THE SECOND FALLACY: The domestic character of perestroika
This is the belief that 'perestroika' is a purely domestic attempt to correct repressive practices, to revitalize the flagging Soviet economy and to adapt the Soviet Union to the necessities and norms of the modern world. Believer do not suspect the Soviet intent to expand 'perestroika' beyond the borders of the Communist world and to achieve the world victory of Communism through 'restructuring'.

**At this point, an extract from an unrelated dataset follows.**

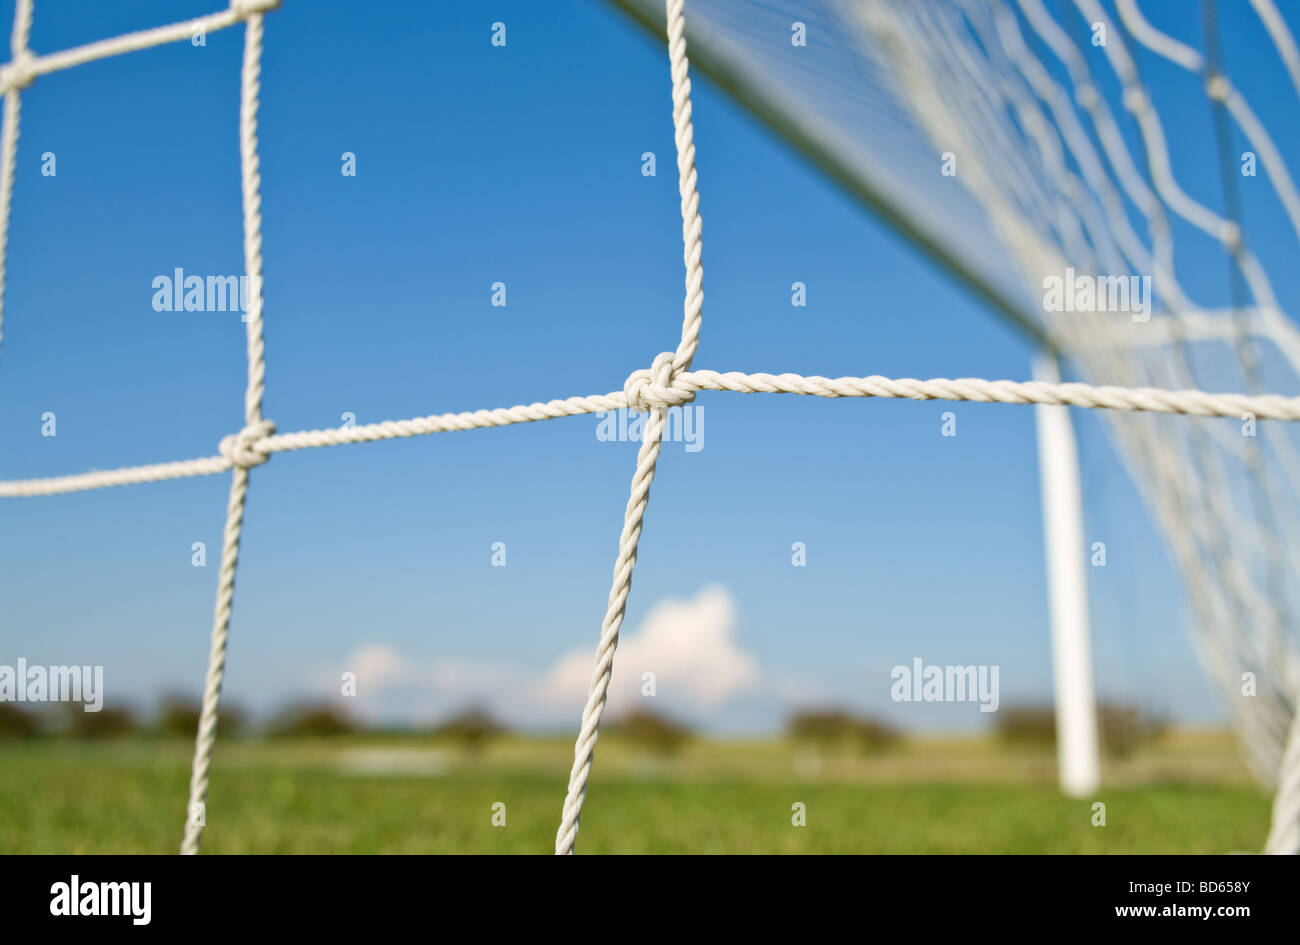 Soccer goal net against blue sky Stock Photo
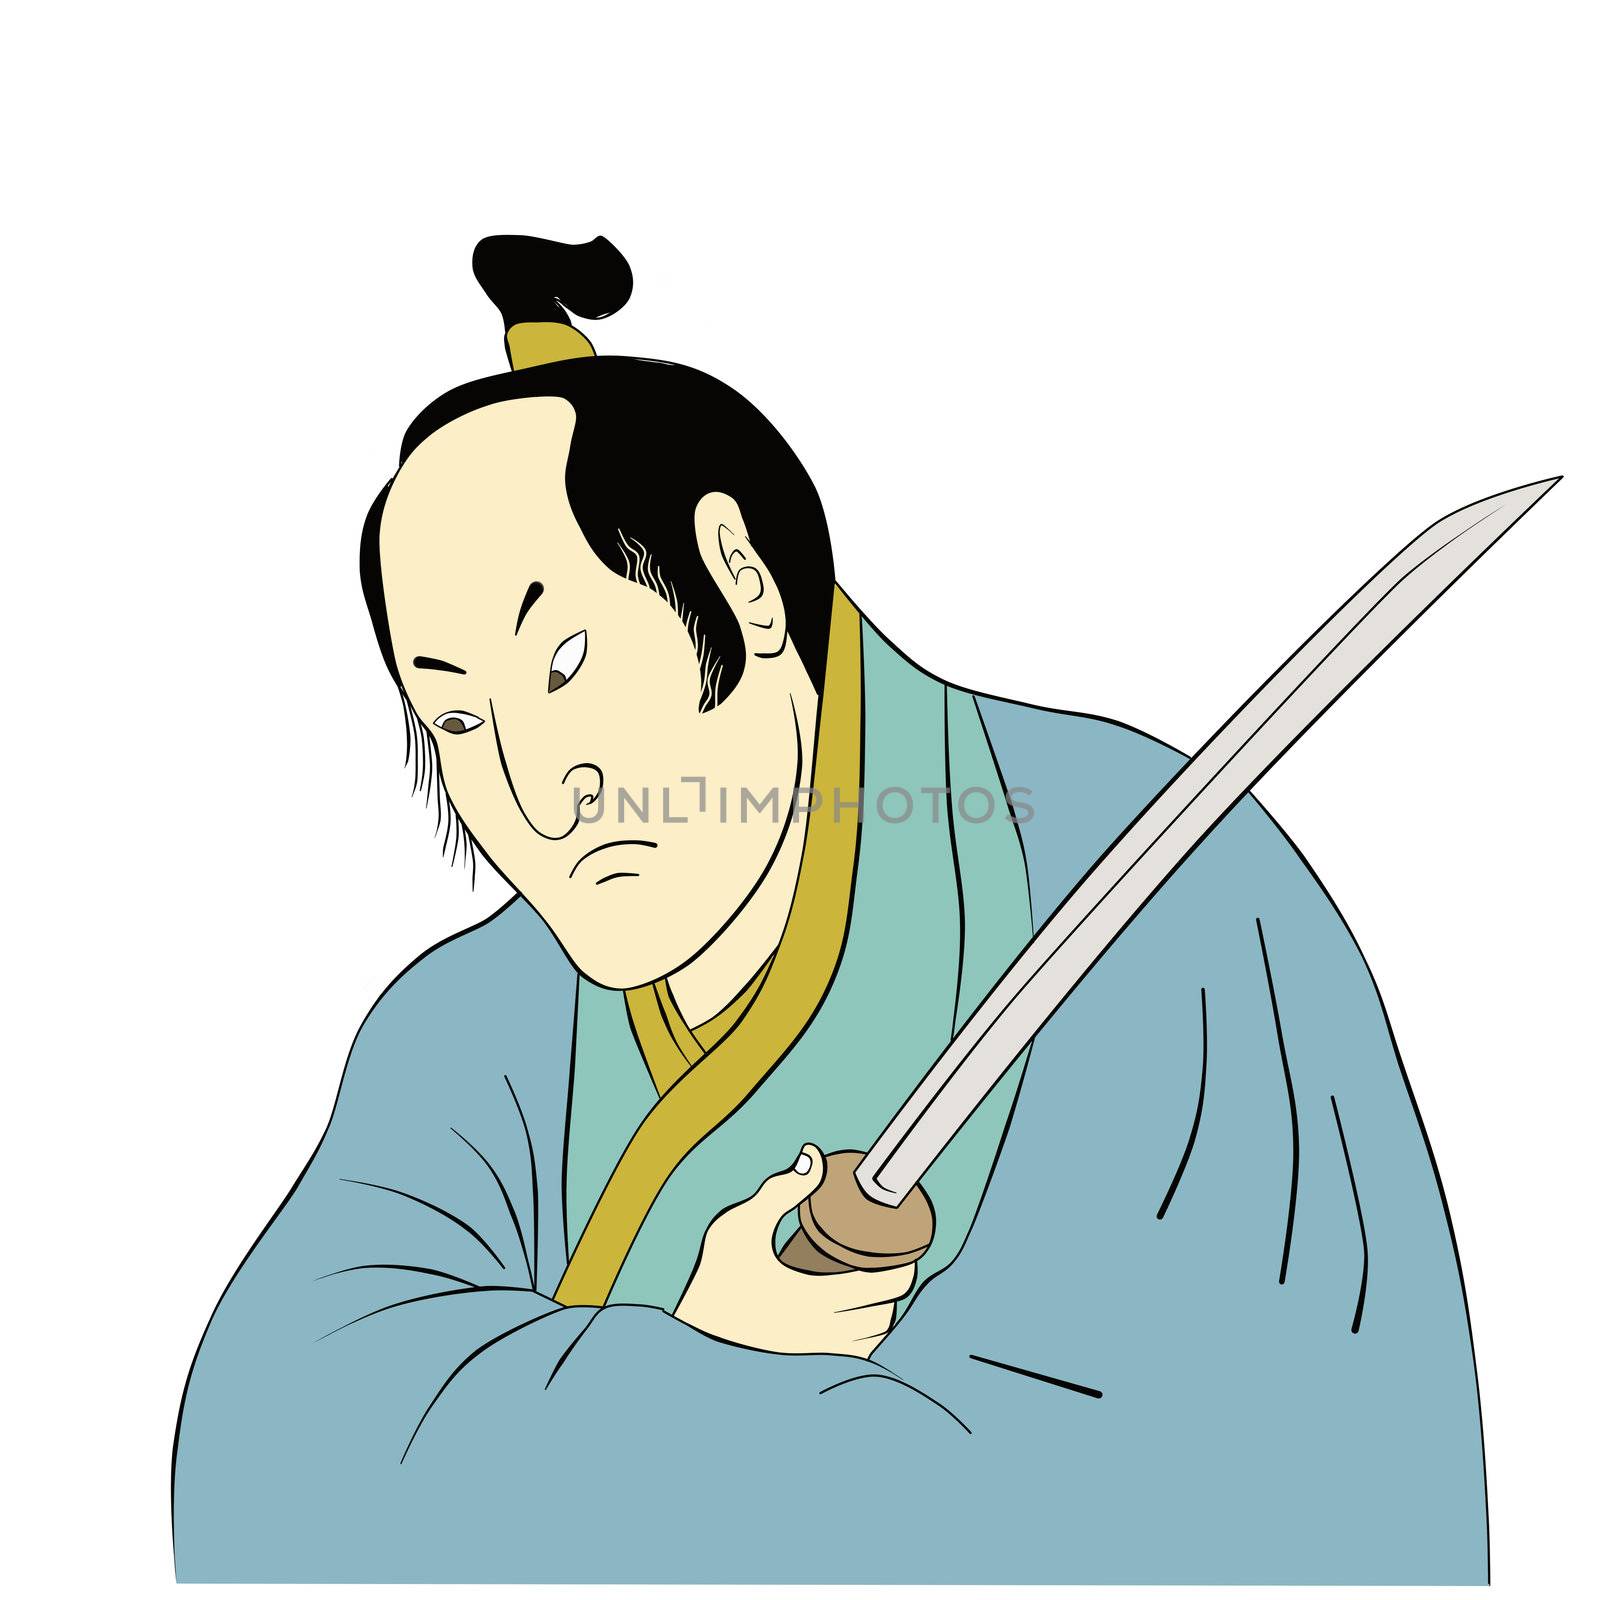 Samurai warrior with katana sword fighting stance by patrimonio

THE THIRD FALLACY: Western-style democracy in the Soviet Union
Believers think that Gorbachev is trying to introduce Western-style democracy. They do not realize that he is extending 'Communist democracy' - that is to say, a new more mature phase of socialism in which only the appearance of Western-style democracy is created and maintained.

THE FOURTH FALLACY: The decline of ideology
Believers think ideology is dying or already dead and that Gorbachev has abandoned the class struggle and taken the 'capitalist road'. They do not realize that perestroika is an expression of ideological strategy and a practical means of reviving ideology. It is not the abandonment of class struggle but a finesse to secure the defeat of capitalist democracies by the use of capitalist weapons.

The class struggle will yet have its bloody feasts.

The Western elite believe they are helping the cause of democracy. In fact they are financing their own demise and digging their own graves. The tragedy is that they will probably not see it until it is too late.

THE FIFTH FALLACY: The ideological victory of capitalism
Believers think that the West has won the war of ideologies. The irony is that, through 'perestroika', the Soviets have captured the strategic and political initiative on the global stage and have begun to carry out their long-nurtured designs against the West which threaten its survival.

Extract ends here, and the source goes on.